* _WORK TO BE COMPLETED_
Transcribe word for word the lines below from the line with "Smiling Old Couple" through the line with "Necklace - Geometric", ends included.

* _GIVEN DATA_
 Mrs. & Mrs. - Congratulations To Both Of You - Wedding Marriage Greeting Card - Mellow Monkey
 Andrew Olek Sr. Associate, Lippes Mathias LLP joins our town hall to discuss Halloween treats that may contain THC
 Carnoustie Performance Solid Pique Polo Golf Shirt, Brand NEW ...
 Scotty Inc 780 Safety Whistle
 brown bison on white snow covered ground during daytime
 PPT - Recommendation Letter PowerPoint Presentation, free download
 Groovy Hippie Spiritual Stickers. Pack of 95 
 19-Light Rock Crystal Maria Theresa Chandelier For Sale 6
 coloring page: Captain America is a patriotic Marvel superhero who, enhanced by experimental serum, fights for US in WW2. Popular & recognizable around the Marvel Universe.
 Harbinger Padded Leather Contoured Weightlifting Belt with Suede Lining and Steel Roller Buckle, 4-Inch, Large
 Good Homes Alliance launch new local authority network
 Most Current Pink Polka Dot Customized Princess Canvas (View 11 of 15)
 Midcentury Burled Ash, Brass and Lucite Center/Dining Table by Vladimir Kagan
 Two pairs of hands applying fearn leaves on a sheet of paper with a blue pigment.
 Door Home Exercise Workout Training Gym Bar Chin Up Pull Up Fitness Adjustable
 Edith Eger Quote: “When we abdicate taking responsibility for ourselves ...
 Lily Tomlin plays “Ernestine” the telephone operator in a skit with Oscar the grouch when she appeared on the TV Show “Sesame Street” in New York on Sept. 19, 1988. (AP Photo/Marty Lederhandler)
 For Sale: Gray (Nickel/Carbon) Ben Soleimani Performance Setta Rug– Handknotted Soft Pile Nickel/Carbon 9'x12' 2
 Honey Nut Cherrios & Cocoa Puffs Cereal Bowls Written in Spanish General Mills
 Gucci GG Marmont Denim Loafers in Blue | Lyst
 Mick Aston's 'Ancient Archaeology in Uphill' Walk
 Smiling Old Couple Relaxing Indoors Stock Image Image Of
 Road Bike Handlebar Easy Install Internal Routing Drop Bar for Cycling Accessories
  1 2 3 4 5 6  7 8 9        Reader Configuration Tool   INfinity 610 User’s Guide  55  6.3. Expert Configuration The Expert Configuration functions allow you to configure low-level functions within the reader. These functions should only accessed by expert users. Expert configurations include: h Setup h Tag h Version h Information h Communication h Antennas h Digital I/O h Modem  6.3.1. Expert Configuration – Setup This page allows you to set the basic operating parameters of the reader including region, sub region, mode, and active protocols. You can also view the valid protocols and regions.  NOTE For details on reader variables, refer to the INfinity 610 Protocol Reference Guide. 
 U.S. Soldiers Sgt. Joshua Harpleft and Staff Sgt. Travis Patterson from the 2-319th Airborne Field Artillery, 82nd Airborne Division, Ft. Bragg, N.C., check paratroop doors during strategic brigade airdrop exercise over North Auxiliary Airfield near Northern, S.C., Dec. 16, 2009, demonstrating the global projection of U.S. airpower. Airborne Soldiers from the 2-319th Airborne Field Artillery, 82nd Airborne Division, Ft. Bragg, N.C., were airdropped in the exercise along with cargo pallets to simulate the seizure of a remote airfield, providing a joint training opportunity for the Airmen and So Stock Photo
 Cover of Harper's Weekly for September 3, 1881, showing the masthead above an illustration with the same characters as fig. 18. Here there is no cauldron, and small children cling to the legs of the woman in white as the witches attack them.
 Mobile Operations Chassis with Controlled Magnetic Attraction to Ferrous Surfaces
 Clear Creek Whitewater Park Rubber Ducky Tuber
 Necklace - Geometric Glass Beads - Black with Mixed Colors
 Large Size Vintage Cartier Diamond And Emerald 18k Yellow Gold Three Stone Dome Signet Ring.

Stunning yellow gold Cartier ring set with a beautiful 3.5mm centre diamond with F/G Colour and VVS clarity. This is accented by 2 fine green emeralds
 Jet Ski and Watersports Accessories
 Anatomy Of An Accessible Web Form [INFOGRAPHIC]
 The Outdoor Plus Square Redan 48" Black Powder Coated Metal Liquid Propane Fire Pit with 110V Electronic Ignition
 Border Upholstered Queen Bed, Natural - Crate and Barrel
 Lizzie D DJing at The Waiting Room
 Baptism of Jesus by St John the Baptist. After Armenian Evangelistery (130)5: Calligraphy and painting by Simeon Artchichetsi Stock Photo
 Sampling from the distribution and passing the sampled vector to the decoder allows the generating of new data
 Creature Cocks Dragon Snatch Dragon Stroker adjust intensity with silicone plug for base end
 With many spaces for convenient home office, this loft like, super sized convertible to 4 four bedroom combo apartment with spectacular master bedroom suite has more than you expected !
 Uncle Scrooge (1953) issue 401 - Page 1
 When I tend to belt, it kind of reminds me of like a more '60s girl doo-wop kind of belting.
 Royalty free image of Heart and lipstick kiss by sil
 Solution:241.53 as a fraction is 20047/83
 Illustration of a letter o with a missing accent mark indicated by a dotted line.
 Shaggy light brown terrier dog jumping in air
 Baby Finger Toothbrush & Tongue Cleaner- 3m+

* _RESULT_
 Smiling Old Couple Relaxing Indoors Stock Image Image Of
 Road Bike Handlebar Easy Install Internal Routing Drop Bar for Cycling Accessories
  1 2 3 4 5 6  7 8 9        Reader Configuration Tool   INfinity 610 User’s Guide  55  6.3. Expert Configuration The Expert Configuration functions allow you to configure low-level functions within the reader. These functions should only accessed by expert users. Expert configurations include: h Setup h Tag h Version h Information h Communication h Antennas h Digital I/O h Modem  6.3.1. Expert Configuration – Setup This page allows you to set the basic operating parameters of the reader including region, sub region, mode, and active protocols. You can also view the valid protocols and regions.  NOTE For details on reader variables, refer to the INfinity 610 Protocol Reference Guide. 
 U.S. Soldiers Sgt. Joshua Harpleft and Staff Sgt. Travis Patterson from the 2-319th Airborne Field Artillery, 82nd Airborne Division, Ft. Bragg, N.C., check paratroop doors during strategic brigade airdrop exercise over North Auxiliary Airfield near Northern, S.C., Dec. 16, 2009, demonstrating the global projection of U.S. airpower. Airborne Soldiers from the 2-319th Airborne Field Artillery, 82nd Airborne Division, Ft. Bragg, N.C., were airdropped in the exercise along with cargo pallets to simulate the seizure of a remote airfield, providing a joint training opportunity for the Airmen and So Stock Photo
 Cover of Harper's Weekly for September 3, 1881, showing the masthead above an illustration with the same characters as fig. 18. Here there is no cauldron, and small children cling to the legs of the woman in white as the witches attack them.
 Mobile Operations Chassis with Controlled Magnetic Attraction to Ferrous Surfaces
 Clear Creek Whitewater Park Rubber Ducky Tuber
 Necklace - Geometric Glass Beads - Black with Mixed Colors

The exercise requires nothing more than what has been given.